Sie sind eine sehr schöne Familie. Niemand kann leugnen, dass sie so schön sind, als fließe durch ihre Adern wahrhaft blaues Blut. Und es sind so viele! An unserem Tisch – als wären sie von königlichem Geblüt und hätten das Recht, bei uns, den Töchtern einer Gräfin, zu sitzen – hocken sechs Nachkömmlinge der Familie Rivers und die beiden Söhne aus der ersten Ehe der neuen Königin. Mürrisch betrachtet Isabel die vier anmutigen Schwestern der künftigen Königin – die jüngste, Katherine Woodville, ist erst sieben, die älteste, Martha, fünfzehn Jahre alt. Diese vier Mädchen brauchen alle einen Gemahl, eine Mitgift und ein Vermögen, und in England ist es schwierig, in diesen Tagen an einen Gemahl, eine Mitgift, ein Vermögen zu kommen, nach dem Krieg zwischen den rivalisierenden Häusern Lancaster und York, der zehn Jahre angedauert und vielen Männern das Leben gekostet hat. Man wird diese Mädchen mit uns vergleichen, sie sind unsere Rivalinnen. Es scheint, als würde der Hof überflutet von neuen, klaren Profilen, Haut so strahlend wie frisch geprägte Münzen, lachenden Stimmen und erlesenen Manieren. Als wäre ein Stamm schöner junger Fremder einmarschiert, als wären Statuen zum Leben erwacht und tanzten unter uns, wie Vögel, die vom Himmel herabgeflogen sind, um zu singen, oder wie Fische, die aus dem Meer springen. Meine Mutter ist rot vor Verärgerung, sie hat ein zorn-gerötetes Gesicht wie eine Bäckersfrau. Neben ihr strahlt die Königin wie ein heiterer Engel, den Kopf unablässig ihrem jungen Gemahl zugeneigt, die Lippen leicht geöffnet, als atmete sie ihn ein wie einen kühlen Lufthauch.

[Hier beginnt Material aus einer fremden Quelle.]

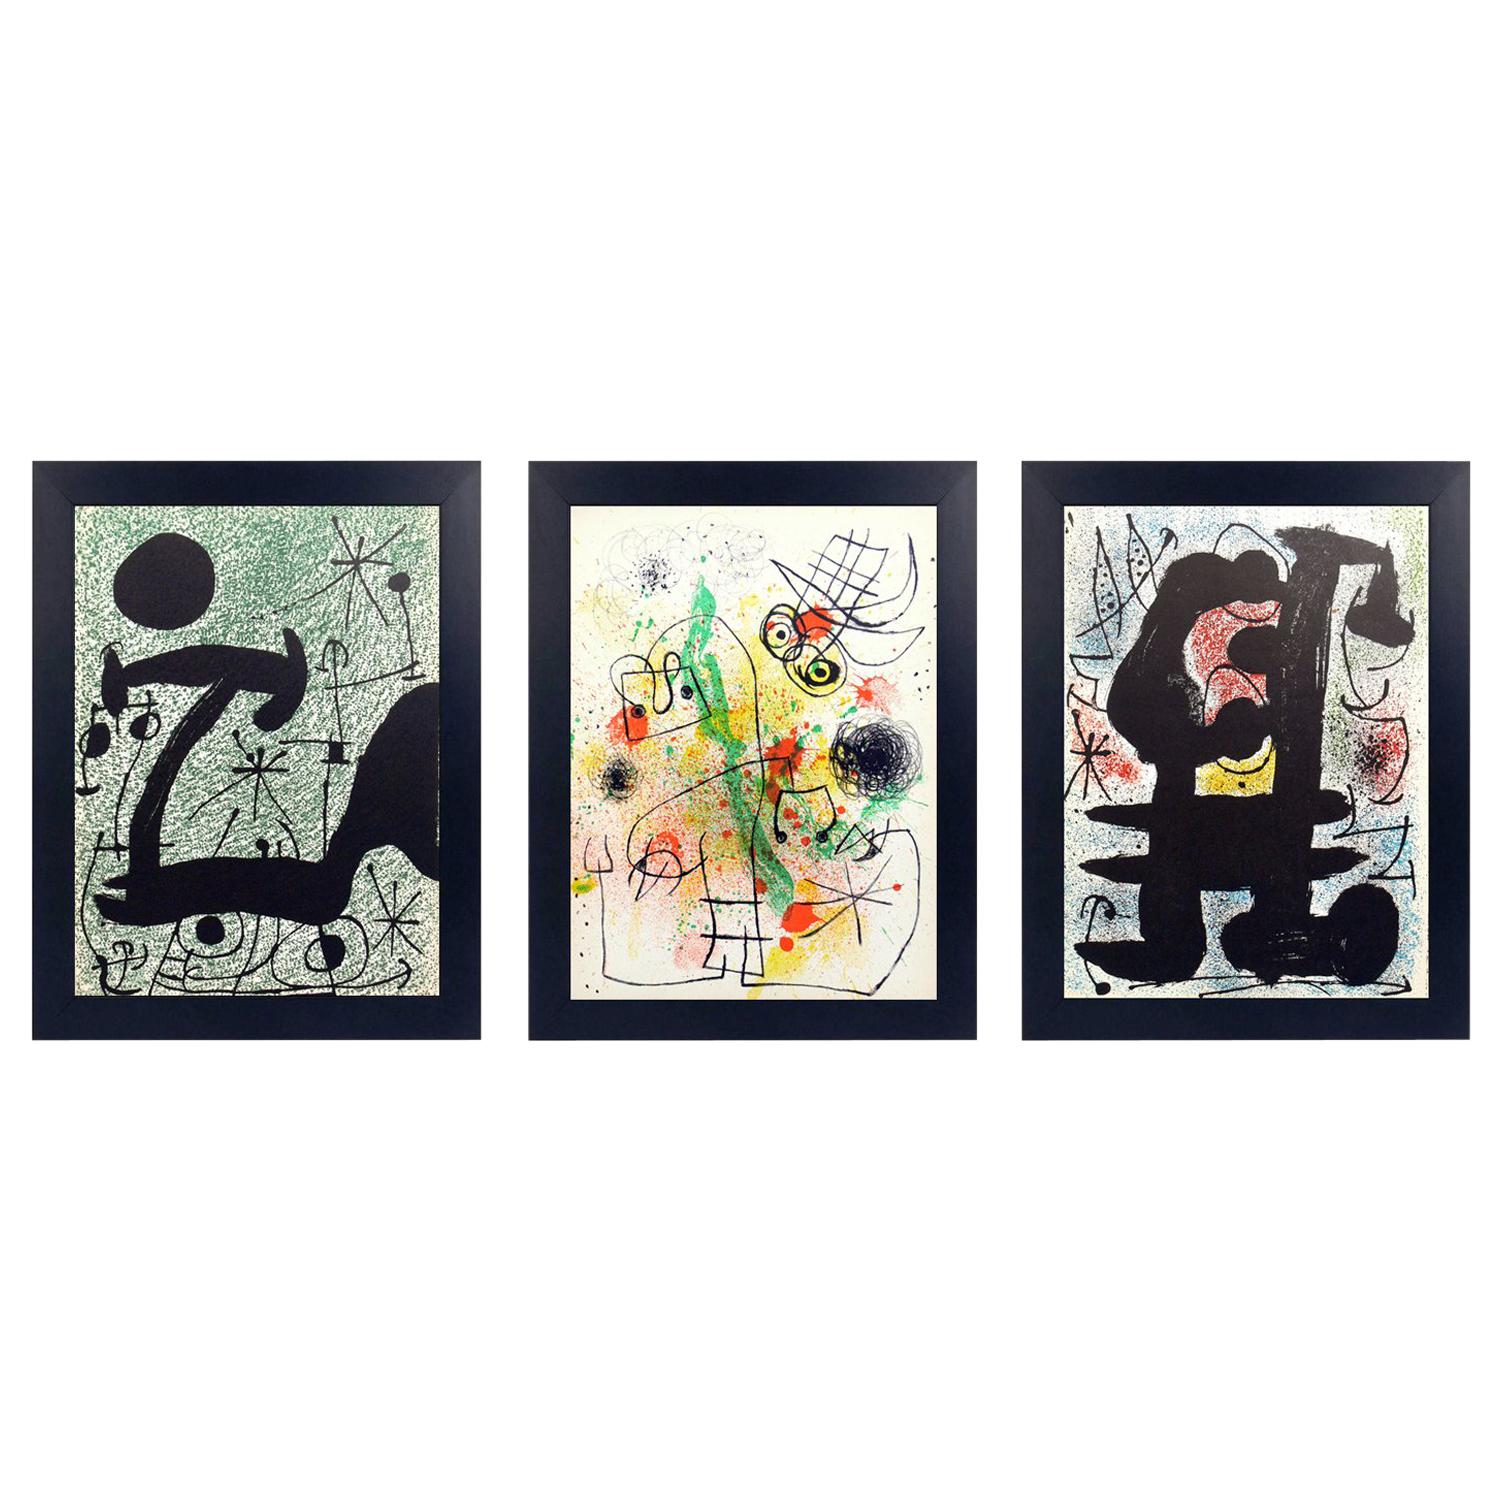 Sélection de lithographies en couleurs de Joan Miro, France, vers les années 1960. Nous avons acheté un groupe de ces lithographies en couleur provenant de la succession d'un couple qui a vécu en France de 1951 à 1983. Elles proviennent très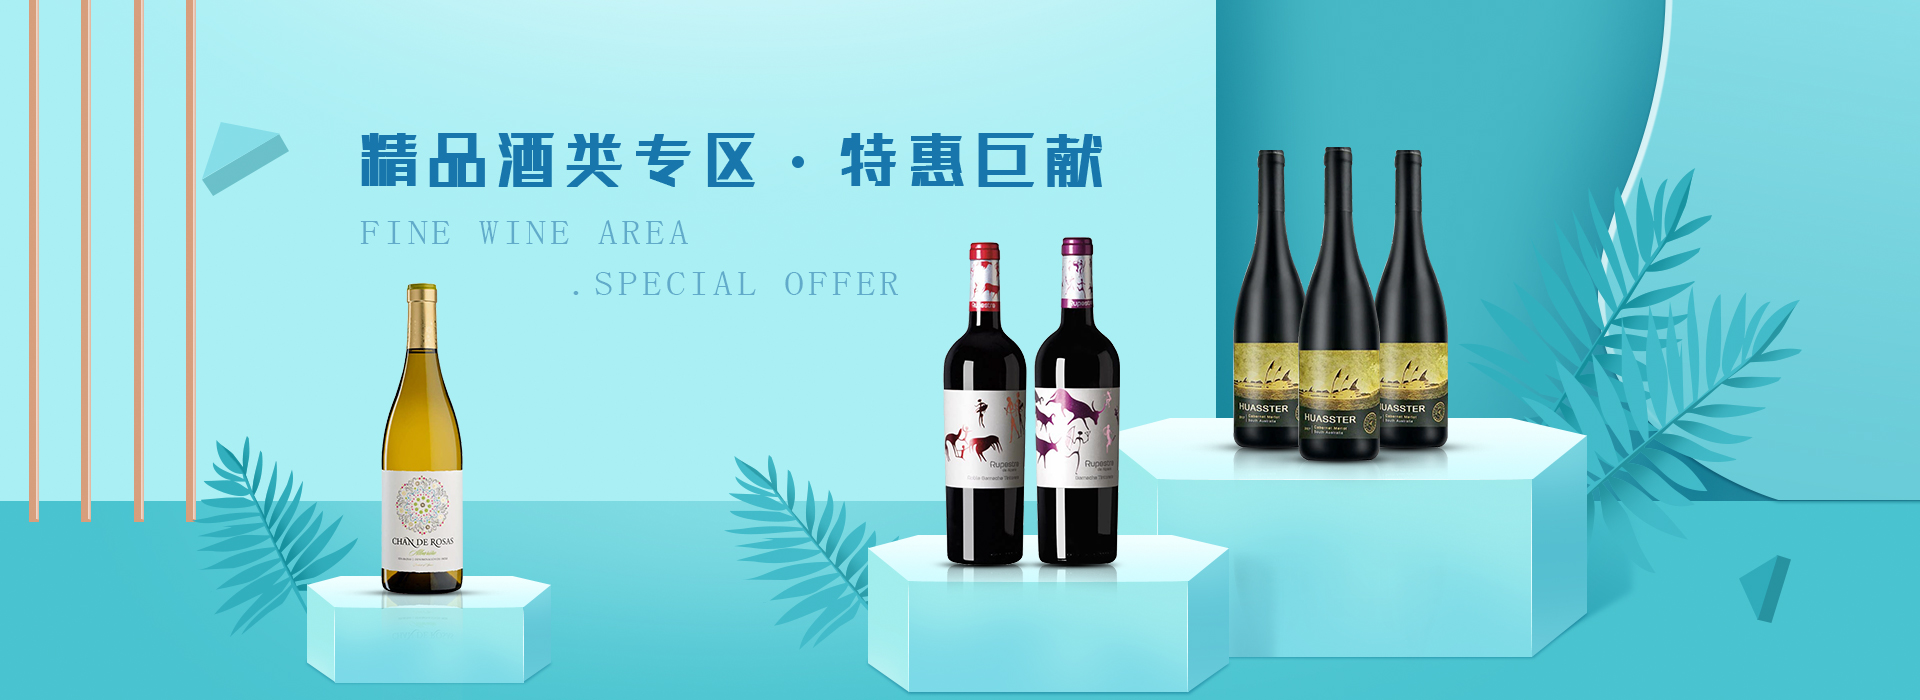 精品红酒零售商家-福莱沃酒业广州有限公司

Das vornehme Abendessen ist aufregend für mich, denn an einem Ende unseres Tisches sitzt der Bruder des Königs, George, und am anderen Ende sein jüngster Bruder Richard. Die Mutter der Königin, Jacquetta, schenkt unserem Tisch mit den jungen Leuten ein warmes Lächeln. Vermutlich hat es ihr gefallen, uns Kinder zusammenzusetzen und uns die Ehre zuteilwerden zu lassen, George am Kopfende unseres Tisches zu platzieren. Isabel zappelt wie ein geschorenes Schaf, weil sie zwei Herzöge von königlichem Geblüt auf einmal neben sich hat. Sie weiß nicht, wohin sie schauen soll, und sie ist begierig, sie zu beeindrucken. Doch viel schlimmer ist, dass die beiden ältesten Rivers-Mädchen, Martha und Eleanor Woodville, Isabel mühelos überstrahlen. Sie besitzen das erlesene Aussehen dieser schönen Familie, und sie sind selbstbewusst und lächeln. Isabel bemüht sich zu sehr, und ich bin wie immer ängstlich unter dem kritischen Blick meiner Mutter. Doch die Rivers-Mädchen benehmen sich, als feierten sie ein fröhliches Ereignis; sie wollen sich vergnügen und erwarten keine Schelte. Sie sind selbstbewusste, vergnügungssüchtige Mädchen. Natürlich ziehen die jungen Herzöge sie uns vor. George kennt uns sein ganzes Leben lang, für ihn sind wir keine fremden Schönheiten. Richard ist noch in der Obhut meines Vaters als sein Mündel; wenn wir in England sind, wohnt er mit einem halben Dutzend anderer Jungen bei uns. Richard sieht uns drei Mal am Tag. Natürlich hat er nur Augen für Martha Woodville, die hübsch herausgeputzt ist, frisch am Hof und eine Schönheit wie ihre Schwester, die neue Königin. Doch ich bin verstimmt, dass er mich ignoriert.
George ist blond und groß und sieht mit seinen fünfzehn Jahren so gut aus wie sein älterer Bruder, der König.